Monday, November 21, 2005

Tom DeLay and Ron Carey

Former FEC Chairman Bradley Smith writes in defense of Tom DeLay this morning on the Journal op-ed page. Smith is fairly well-known as a strong opponent of campaign finance laws, and his appointment (at the insistence of Republicans in Congress) to the commission that oversees those laws caused some comment when it first happened. His time on the commission was devoted primarily to weakening enforcement of those laws that exist, and to doing what he could to undermine support for further legislation. His column this morning is best seen as an extension of that mission.

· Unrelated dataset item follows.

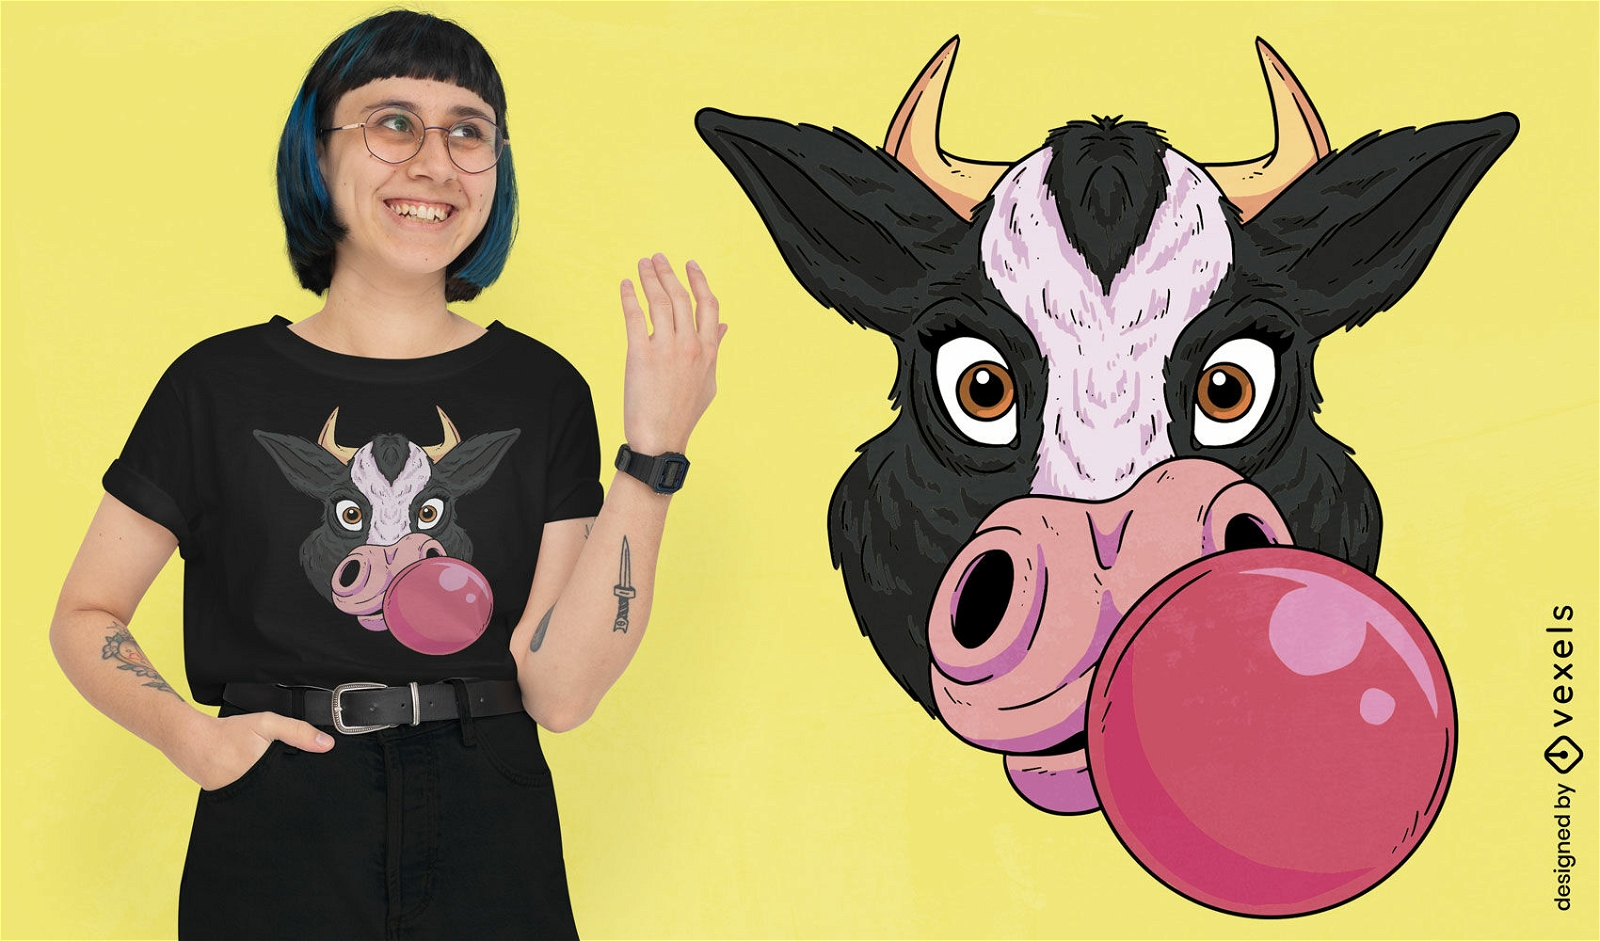 Bubble gum cow t-shirt design

He argues that Tom DeLay's actions, and those of TRMPAC (his Texas political action committee), were legal. The outlines of Smith's account are familiar to anyone sufficiently determined or caffeinated to follow to the end of news accounts of the scandal. Texans for a Republican Majority (TRMPAC, for short) was not allowed, under Texas law, to take corporate contributions except for limited purposes. So they took the money, donated it to an arm of the Republican National Committee, and included a list of candidates for the Texas state legislature to whom they wanted the RNC to donate approximately the same amount. Surprising no one, the RNC made the donations. Thus, tightly restricted corporate money was magically transmogrified into unrestricted donations.

Smith rests his defense of DeLay on the ground that the various transfers from committee to committee and account to account are common practice, and "it was widely understood to be legal, ethical and even encouraged by state and federal law." This is true, so long as the transfers are not linked to one another in order to avoid campaign finance regulations. If they are, it becomes a form of money laundering. Smith waves off this issue with the observation that "it is perfectly legal for a national party committee to seek the advice of local political leaders when spending money in their states." Perhaps, but it is fairly credulous to suppose that the "advice" in this instance was much more than a fig leaf. DeLay wanted to use money he wasn't legally allowed to use, so he, in effect, "swapped" the contributions with another committee.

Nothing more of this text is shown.